Para Churchill (que le endilga el embellecedor membrete de «la democracia») es el peor sistema posible excepto todos los demás. Yo diría que es el mejor y el peor de los posibles en las actuales circunstancias.

Habida cuenta de todo, fue un sistema mejor el de las democracias populares --el socialismo real--, sin por ello carecer de defectos; fue mejor, desde luego, para los pueblos en los que, más o menos, se realizó (o sea: mejor de lo que ha resultado para esos pueblos la restauración del occidentalismo); y, sobre todo, mucho mejor todavía para los demás pueblos, que, sin padecer sus inconvenientes, nos beneficiamos decisivamente de su existencia, gracias a la cual fue posible la parcial emancipación de las naciones oprimidas por el yugo colonial y la consecución del estado del bienestar, otorgado a regañadientes por los potentados del sistema occidentalista.

El futuro traerá nuevas alternativas. La humanidad no estará sometida para siempre a la tiranía del automóvil, al absurdo de la economía de mercado, a la farsa de la pseudodemocracia partitocrática, a la brutal desigualdad social, al desempleo masivo, a la ausencia de una redistribución global de la riqueza, al adocenamiento de la mediocracia mendaz e ignorante, a la fragmentación del planeta en bloques atrincherados, a la falta de libertad de circulación, a las guerras imperialistas, a la carrera de los armamentos, a la existencia de ejércitos y fronteras.

Que hoy por hoy no haya alternativas viables no implica que sea menester apoyar lo que existe. Si se puede ir mejorando es, en buena medida, gracias a la crítica de quienes no nos sumamos al coro consensual de sus enaltecedores, que monopolizan la opinión pública (salvo unos pocos huecos en el espacio internet).
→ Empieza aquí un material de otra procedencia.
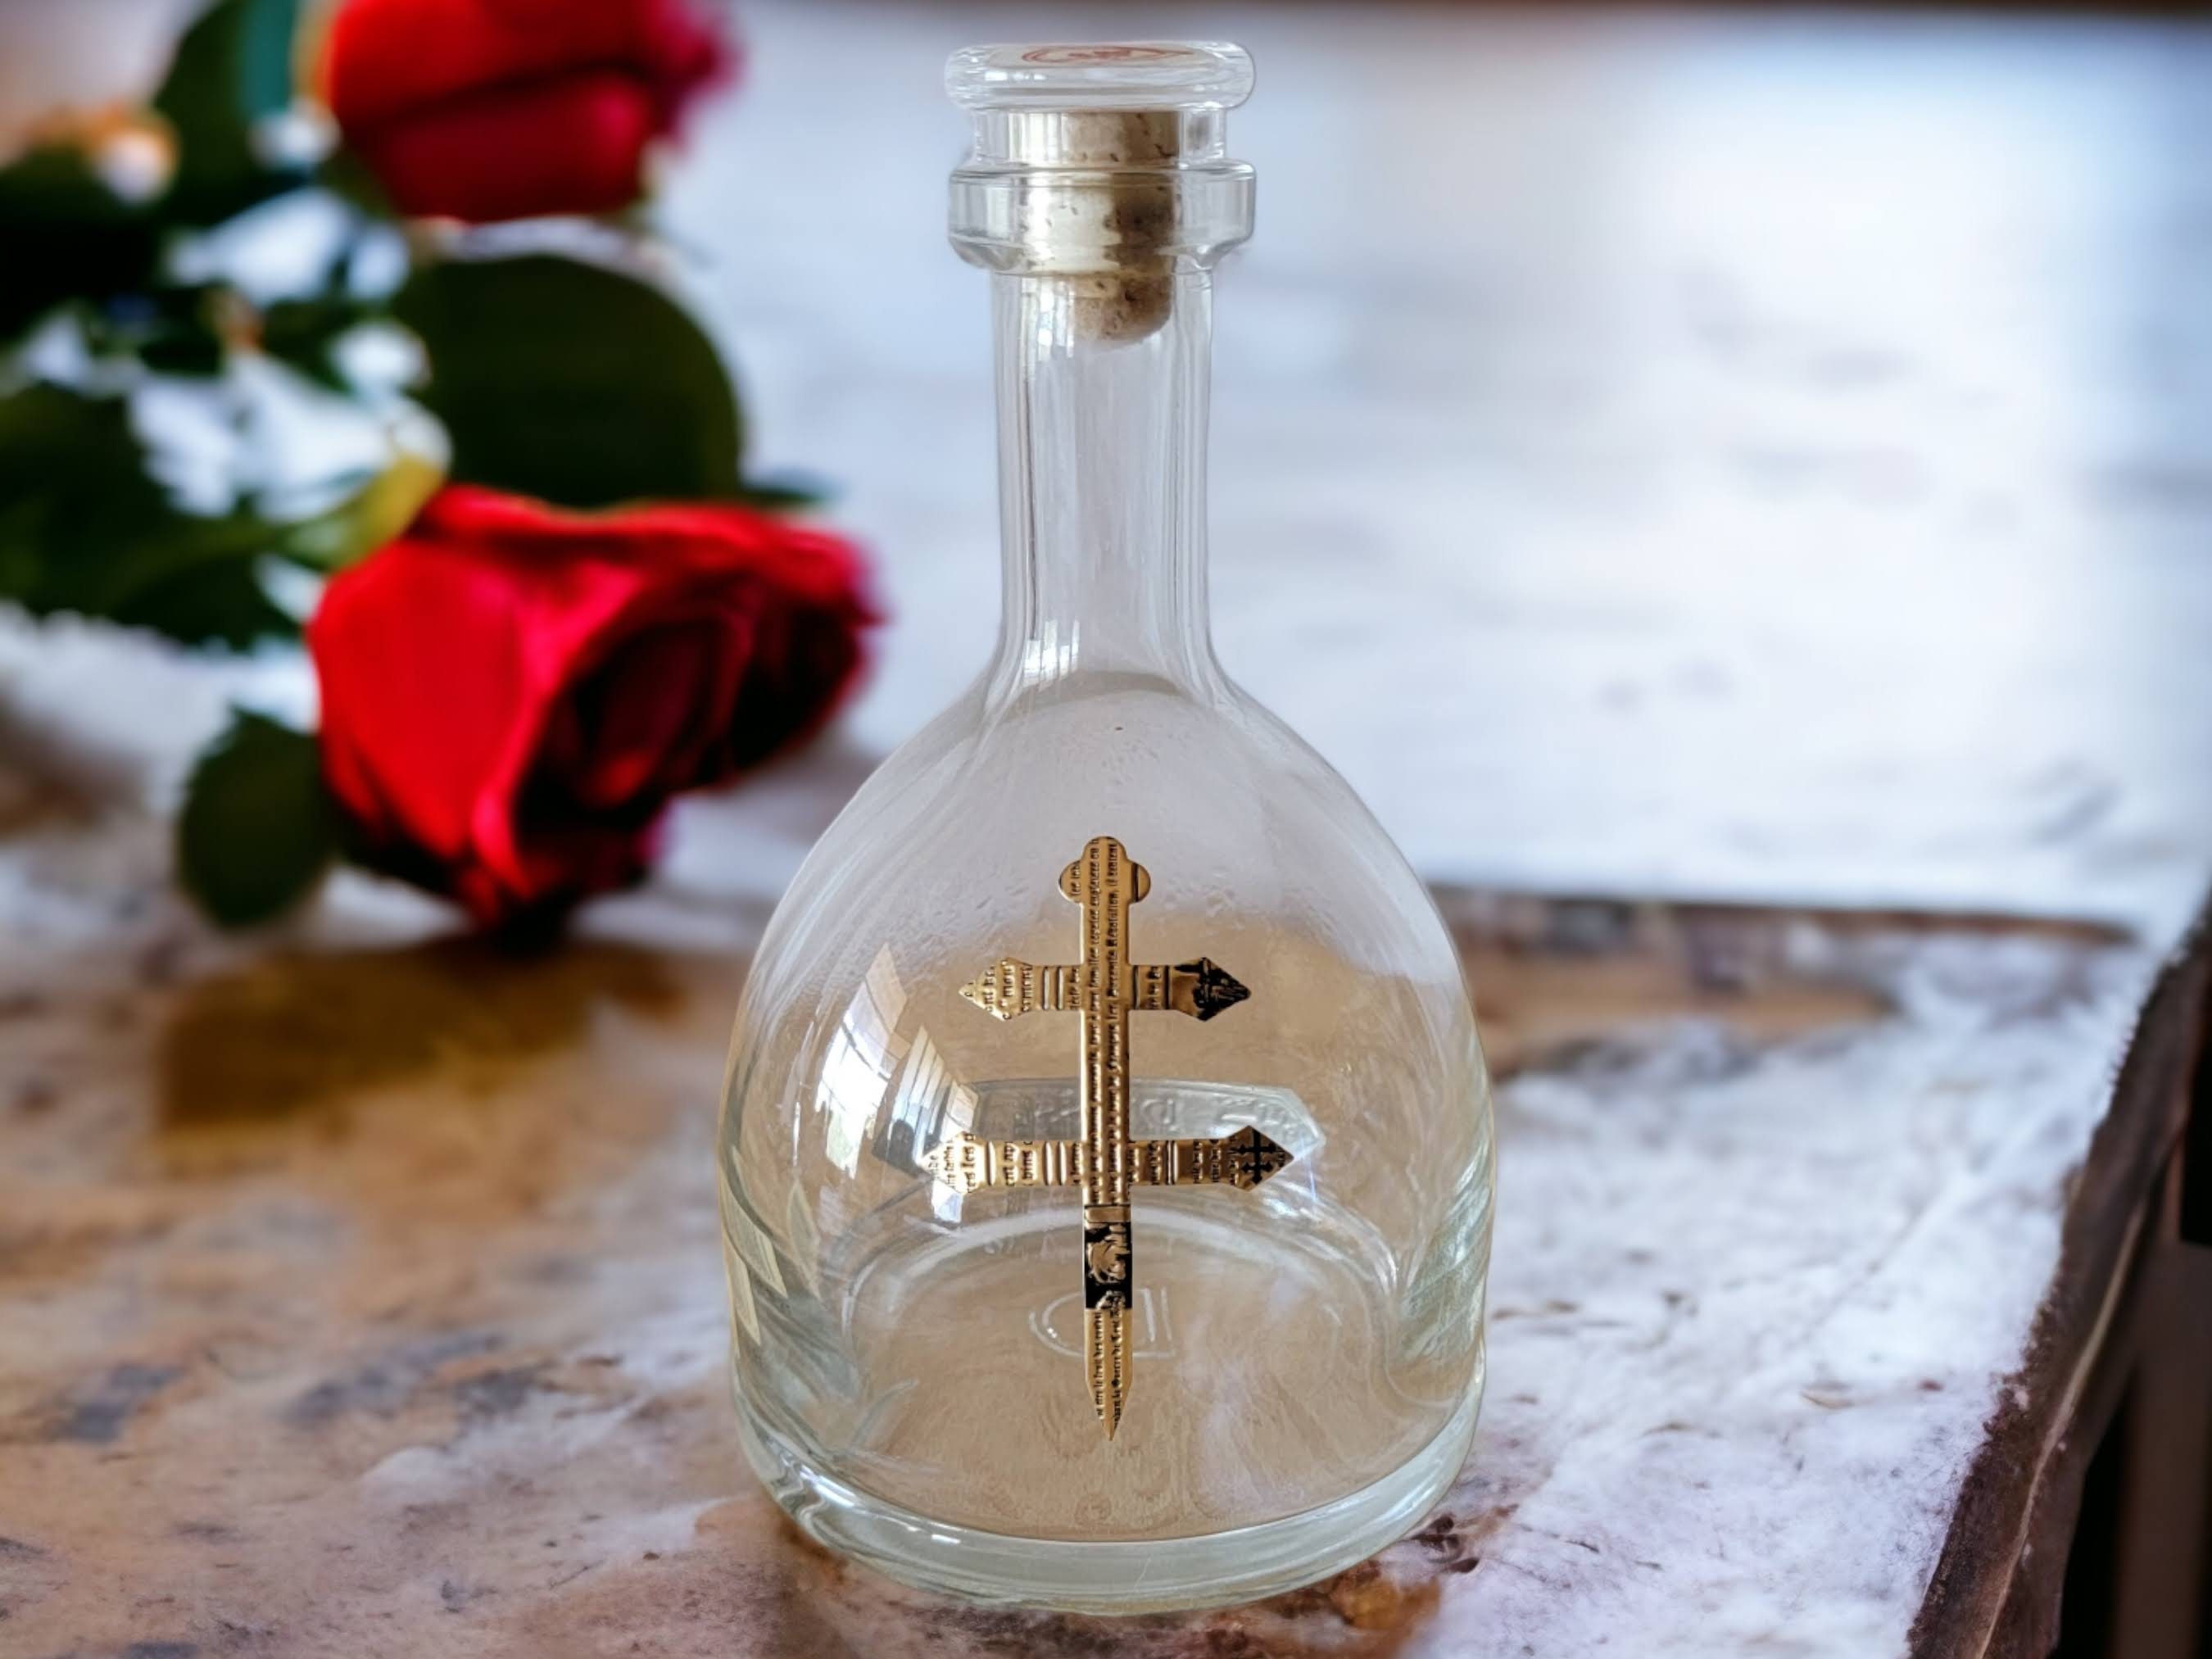 remy martin louis xiii cognac decanter empty bottle box

El régimen occidentalista conserva muchos elementos de capitalismo, aunque felizmente no es (ni fue nunca) tan capitalista como lo pintan sus adeptos y algunos de sus detractores. El capitalismo puro, la economía de mercado estricta, es absolutamente imposible, un sueño (o más bien una pesadilla), una ficción de las mentes de los ensayistas libertarios.

Que el régimen imperante no es estrictamente capitalista lo prueban hechos como el de que aproximadamente la mitad de la renta producida es administrada por los poderes públicos (lo cual no quiere decir que sea distribuida de manera justa ni racional) y el de que --con todas sus limitaciones-- resisten a la embestida eliminadora del empresariado voraz las instituciones del estado del bienestar: jubilaciones, asistencia sanitaria, algunas pinceladas de vivienda social, educación pública, servicios públicos de enseñanza, cultura e investigación, salvamento, organización vial, abastos y suministros, regulación de mercados, transporte público, ayudas a discapacitados, subsidios de desempleo y otras limosnas; todo lo cual es incompatible con un capitalismo puro.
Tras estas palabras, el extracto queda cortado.